Que a brincadeira é uma das melhores formas da criança se desenvolver, ninguém tem dúvida. Por meio delas, os pequenos aprendem a coordenação motora, a socialização, vivenciam a fantasia, entre outras coisas.

E não faltam estímulos para isso. A indústria do brinquedo educativo é altamente desenvolvida, com diversas opções para diferentes faixas etárias. Podemos escolher entre aqueles que estimulam conexões neurais, o desenvolvimento cognitivo e físico, ensinam tarefas do cotidiano, o alfabeto, coordenação motora fina, lateralidade e porque não, o primeiro acesso a outro idioma.

Mas será que toda essa parafernalha é necessária?
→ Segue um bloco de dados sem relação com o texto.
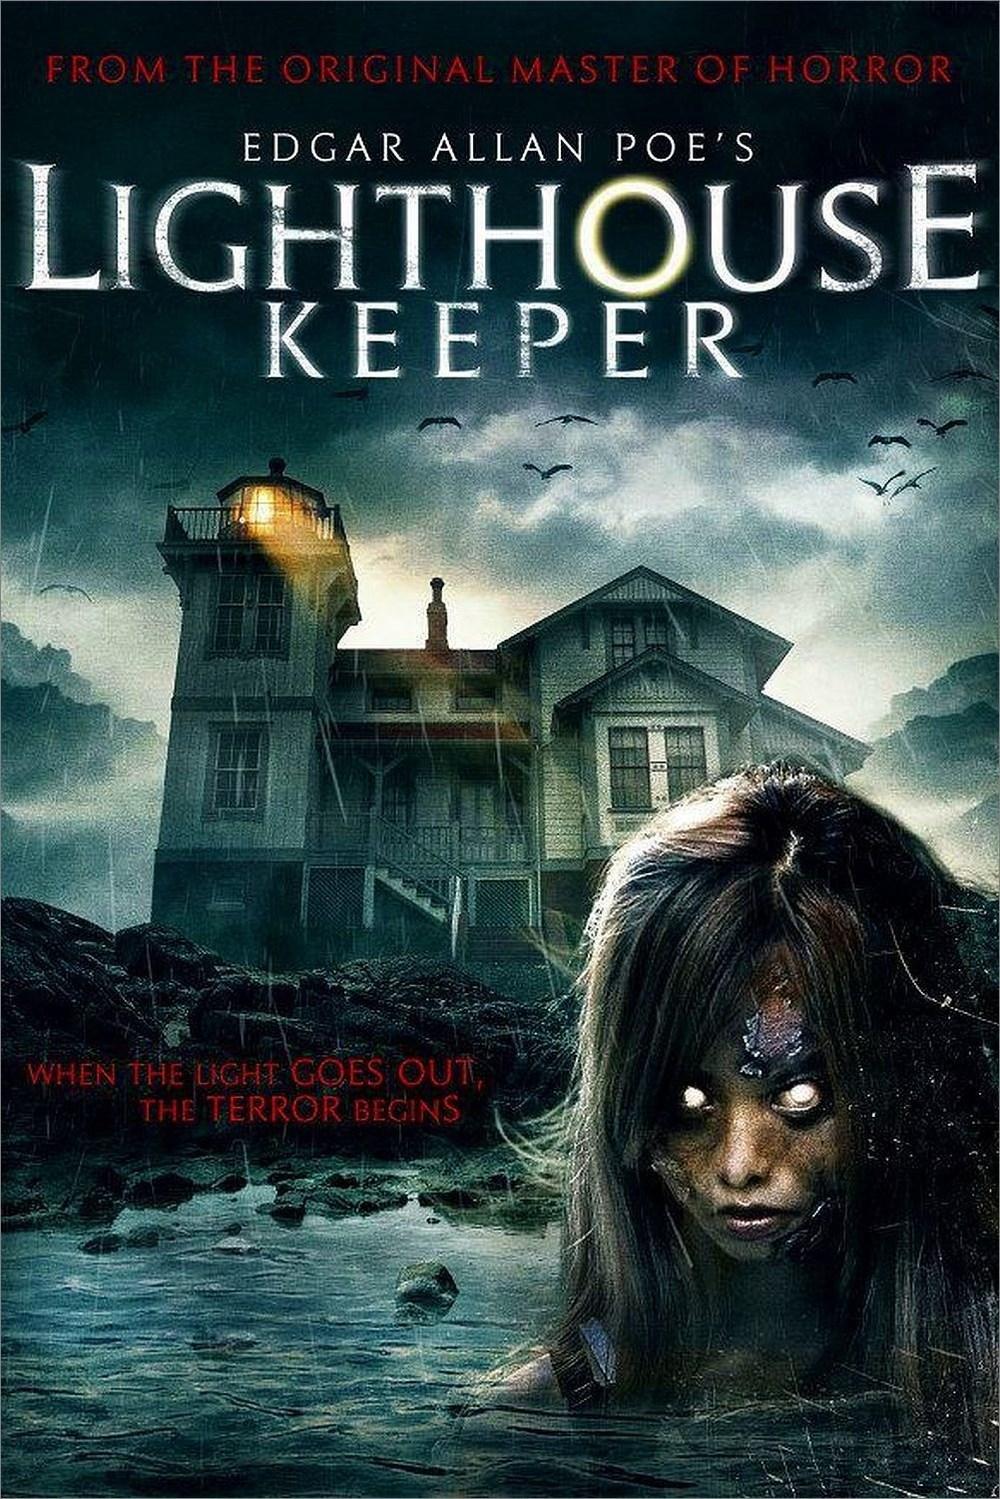 affiche du film Edgar Allan Poe's Lighthouse Keeper

Rudolf Steiner explica que até a segunda dentição, a criança é essencialmente guiada pela imitação. Ele afirma “Não podemos subestimar as influências bem sutis que atuam na criança a partir do ambiente em que vive e que a levam a sentir, mediante a mera observação a necessidade de imitação. Trata-se do que há de mais importante para o desenvolvimento humano nos anos da infância. ”

E o que isso significa? Que a criança não precisa de brinquedos sem significado intrínseco. Que ela não necessita de elementos artificiais para se desenvolver da melhor maneira possível. Muito pelo contrário. Imitar as atividades dos adultos e seus trabalhos é tudo o que ela quer.
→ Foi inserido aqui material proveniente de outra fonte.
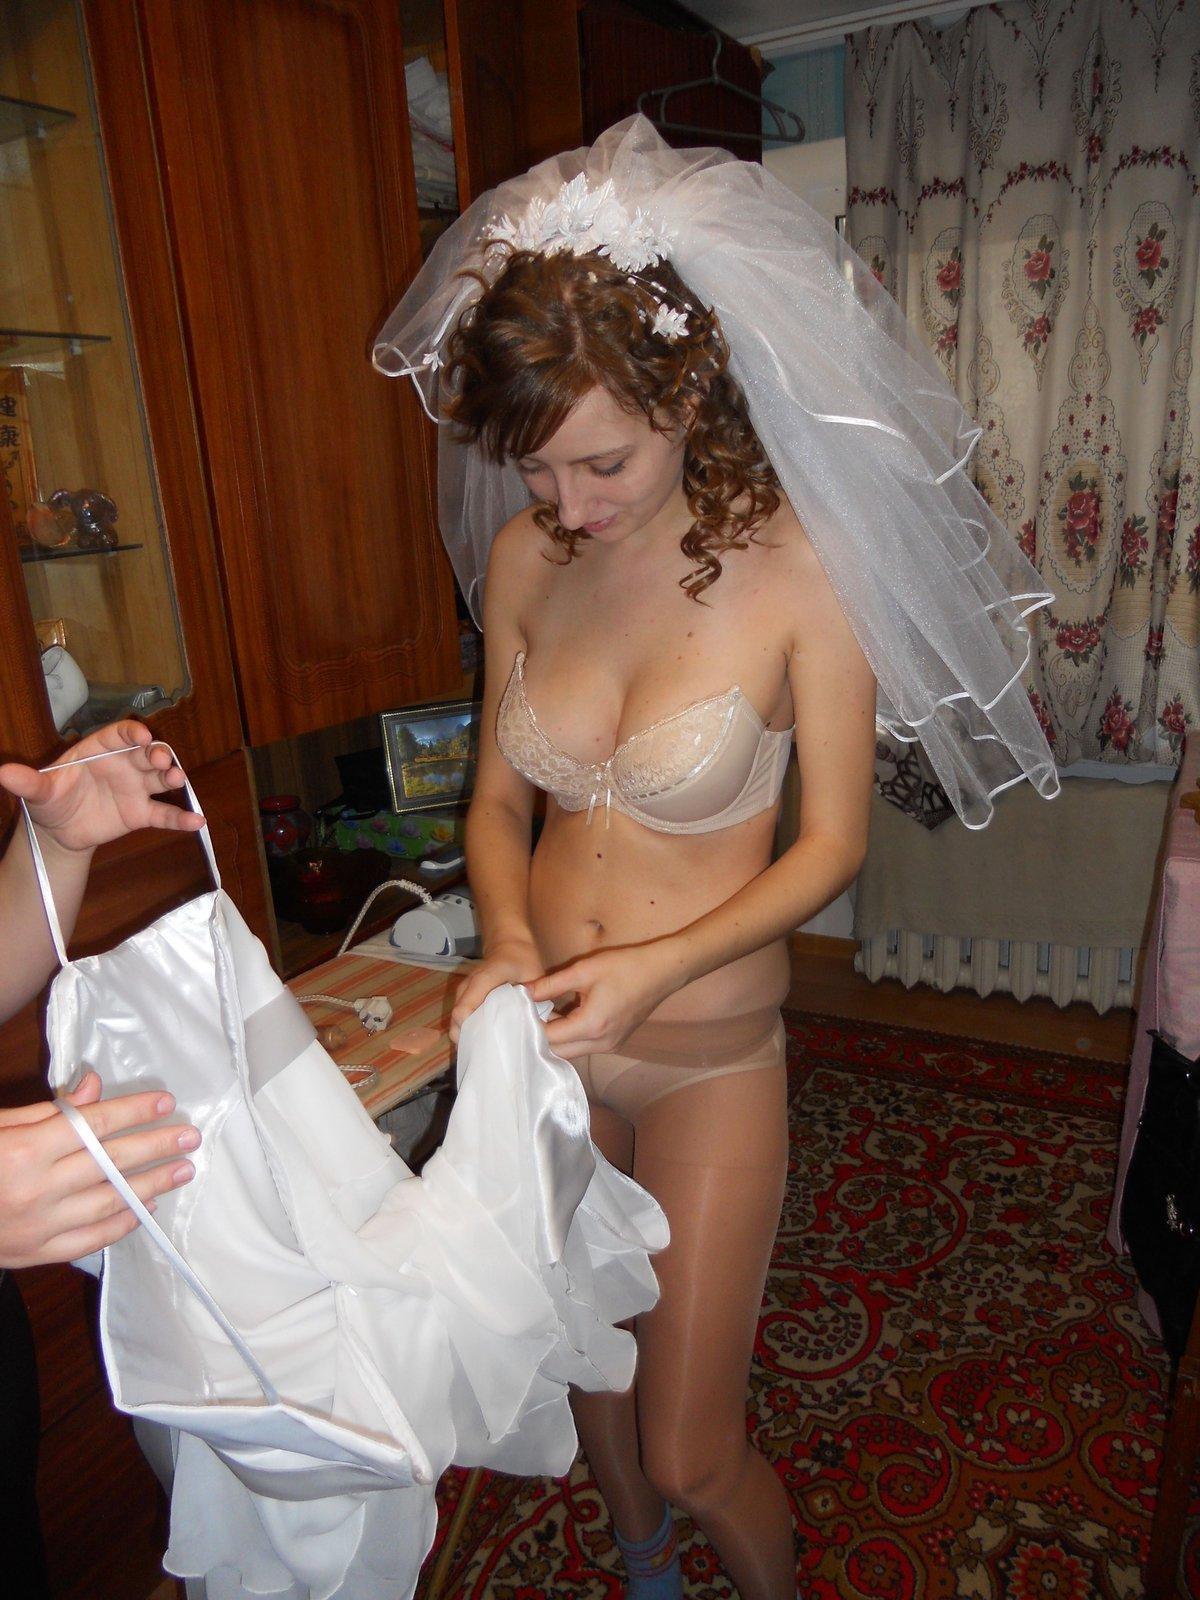 realno-sluchaynaya-semkaseksa-na-svadbe

Por isso, no jardim de infância Waldorf, as “jardineiras”, como são chamadas as educadoras, se comportam da maneira mais natural possível, para que a criança receba estímulos para imitar o que elas fazem. “Não é necessário ir de uma criança à outra para ensiná-la o que fazer. Ela ainda não quer seguir instruções de que lhe dizem para fazer. Ela quer imitar o que o adulto faz”, ensina Steiner.

“As atividades realizadas pela criança devem se basear diretamente nos afazeres da vida concreta. Não podem ser atividades inventadas. No que diz respeito ao jardim de infância, a necessidade da criança de imitar a vida é o que realmente importa. O trabalho de organizar a vida de modo a realizarmos diante da criança e da maneira correta o que convém às necessidades da vida e os impulsos provenientes da vontade de atuar do seu próprio organismo é uma grande tarefa, um trabalho pedagógico imensamente significativo”, de acordo com Steiner.

Quer dizer que não devemos dar nenhum brinquedo à criança? Não penso assim, mas isso já é conversa para um próximo post.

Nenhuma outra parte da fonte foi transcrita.